O Supremo Tribunal Federal já errou muito, é verdade. Contudo, acertou hoje quando a Segunda Turma decidiu pela manutenção do ex-presidente Lula na cadeia.
Dentre as razões pelas quais boa parte da sociedade torce o nariz para a figura do advogado está a sua própria ignorância. Existe uma dificuldade genuína, porém não menos obtusa, em aceitar que o Direito não segue uma lógica matemática. Há leis, obviamente, todavia também há espaço para argumentos. A própria existência de juízes e doutores estabelece a natureza vacilante de um processo; a imprevisibilidade de um veredito.
É portanto compreensível que tratemos ministros — e de tempos para cá até juízes de primeira instância, para não falar em procuradores da República — como se estrelas de cinema fossem.

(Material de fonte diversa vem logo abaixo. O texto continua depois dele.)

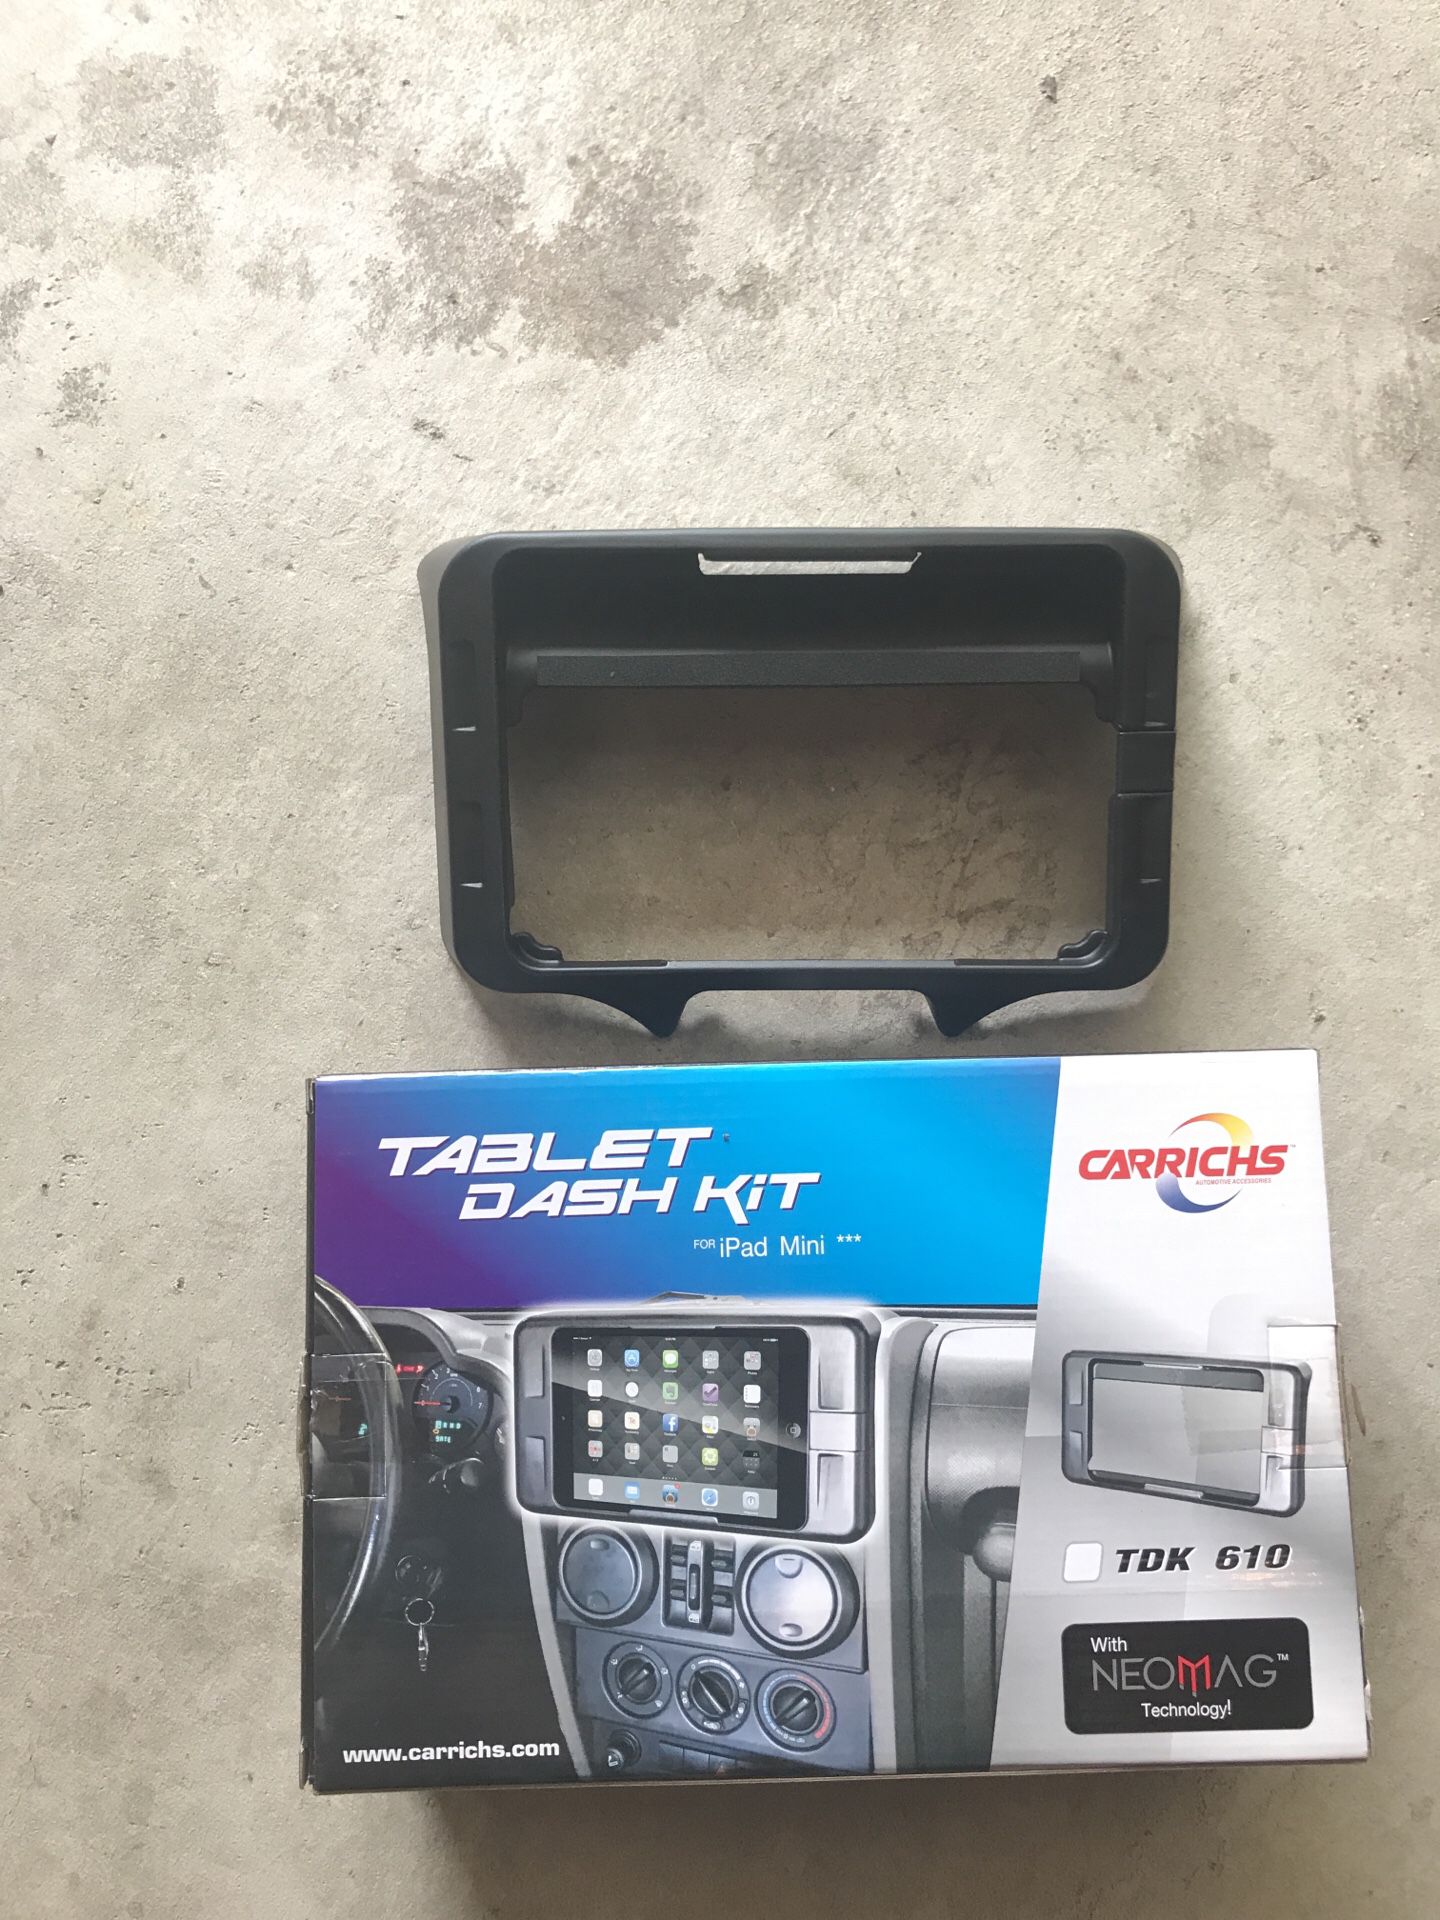 Jeep Wrangler iPad dash kit for Sale in Chicago, IL - OfferUp

Fulano é correto; beltrano, vendido; ciclano, petista; e aquele outro, um completo obcecado em perseguir determinada legenda.
Não que Gilmares, Cármens, Ricardos e Moros deixem de alimentar estereótipos. Entretanto, sob a ótica do torcedor, não há nada que os impeça de decepcionar. Bem ao contrário, todos estão fadados à execração pública por uma decisão tomada.

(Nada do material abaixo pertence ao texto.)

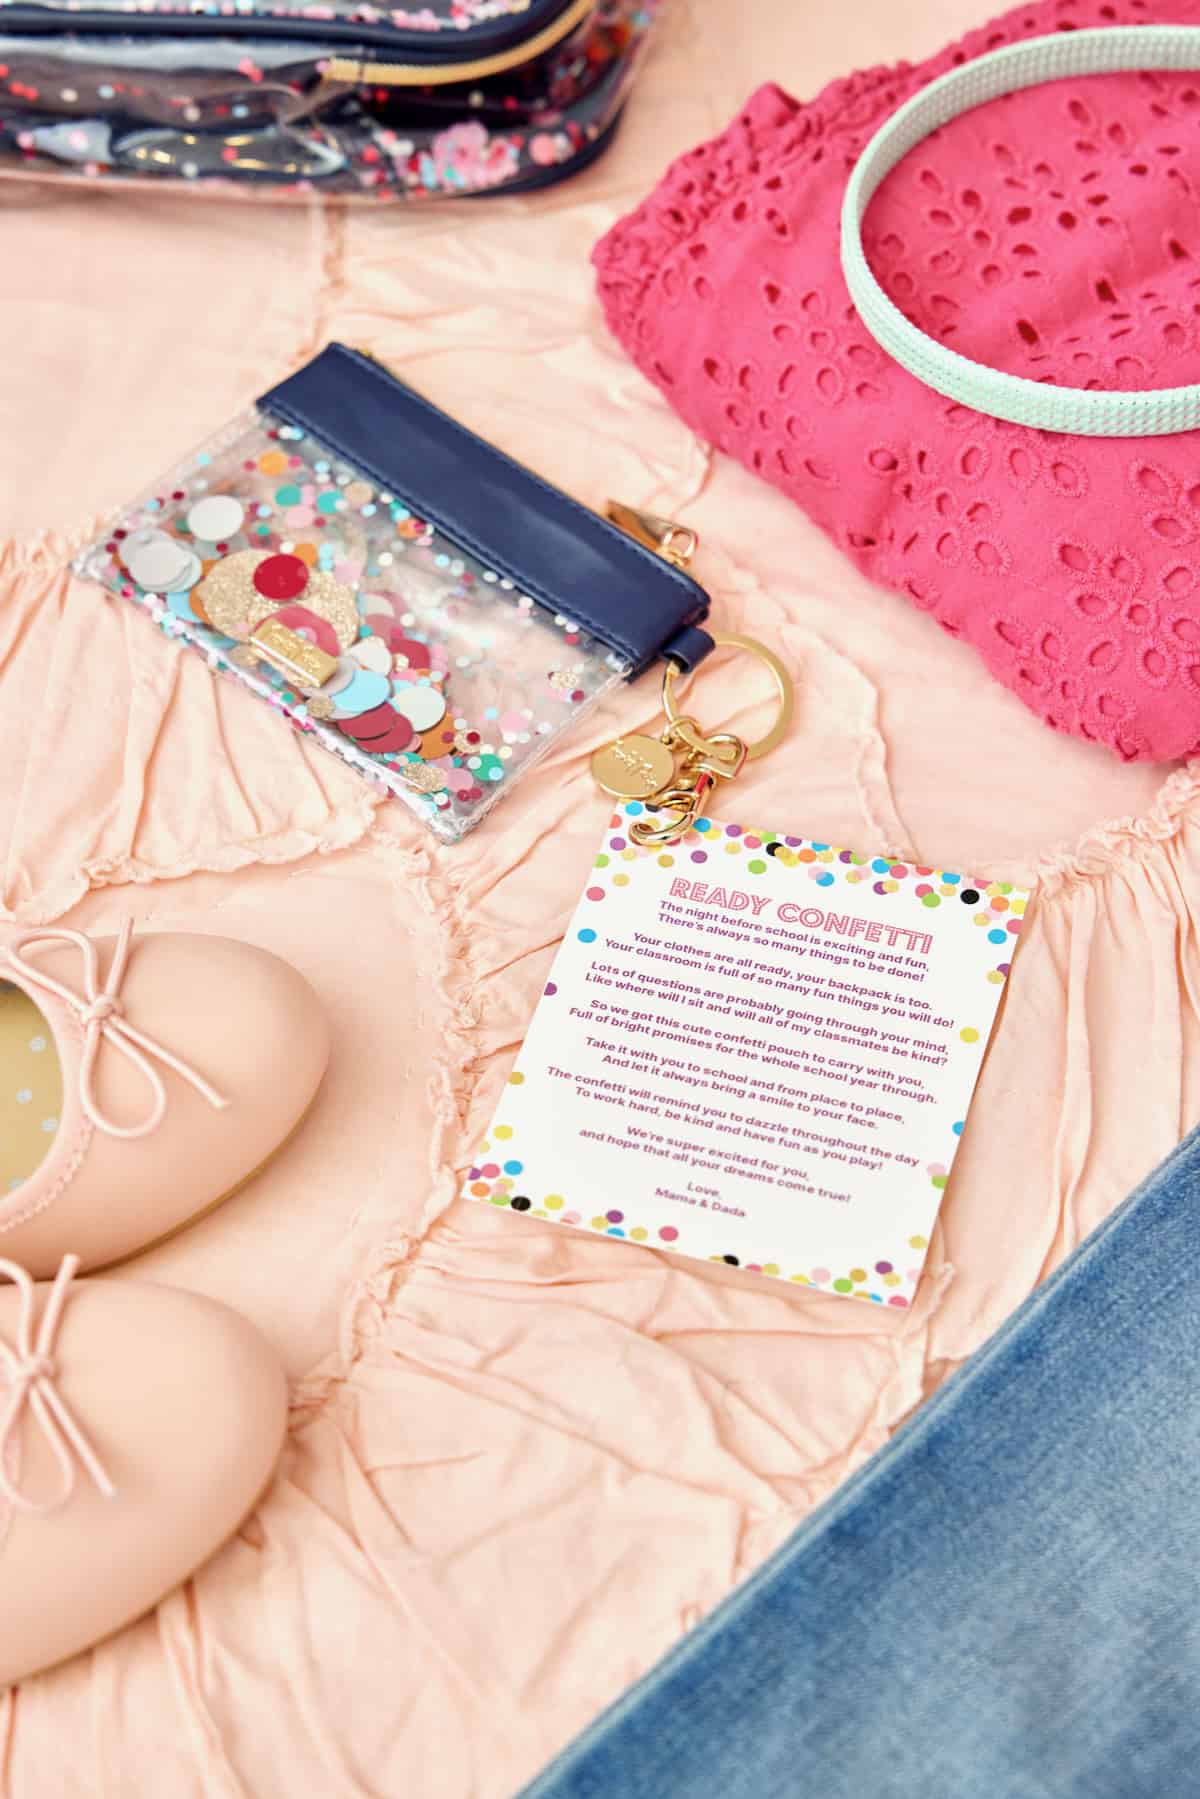 A small key chain pouch with glitter, a pair of child's pink ballet flats, and a bright pink eyelet lace child's shirt on a pale pink ruffled bedspread.

Hoje não foi um desses dias. Tudo correu de acordo com o roteiro já desenhado. Ainda que o voto do decano da Corte, Celso de Mello, tenha momentaneamente causado algum frisson.
Há semanas ocorre uma campanha deslavada para livrar Lula da cadeia, sob o pretexto de que Sérgio Moro, ainda na época em que era juiz, tenha julgado o ex-presidente sem a imparcialidade recomendada. Escrevo desde o início da revelação dos diálogos e mantenho a minha opinião: as conversas entre Moro e Deltan Dallagnol são vexatórias. O argumento utilizado por muitos do meio jurídico de que seriam corriqueiras não mudam esse fato. Não há nada nelas, porém, capaz de tornar Luiz Inácio inocente.
Em tempos de polarização, em especial com um governo como o de Jair Bolsonaro, que faz de tudo para reacender os setores mais perversos da esquerda, reforçar as obviedades é por vezes fundamental: Lula foi condenado inclusive em instância superior no caso do triplex em Guarujá. Há também uma condenação em primeira instância por conta do processo sobre o sítio em Atibaia. Basta que o TRF-4 confirme a condenação para que uma nova ordem de prisão seja expedida.
No afã de querer ver Lula solto, seja por afinidade política ou antipatia ao zeitgeist bolsonarista, parece que muitos se esqueceram de um ponto crucial: acima de tudo no Brasil, onde o sistema sempre virou o rosto para os crimes de colarinho branco, a soltura de um ex-presidente condenado múltiplas vezes não seria apenas equivocada do ponto de vista moral, mas possivelmente ensejaria reviravoltas em outros processos.
E ressuscitaria a nossa convicção de que a lei não é mesmo para todos.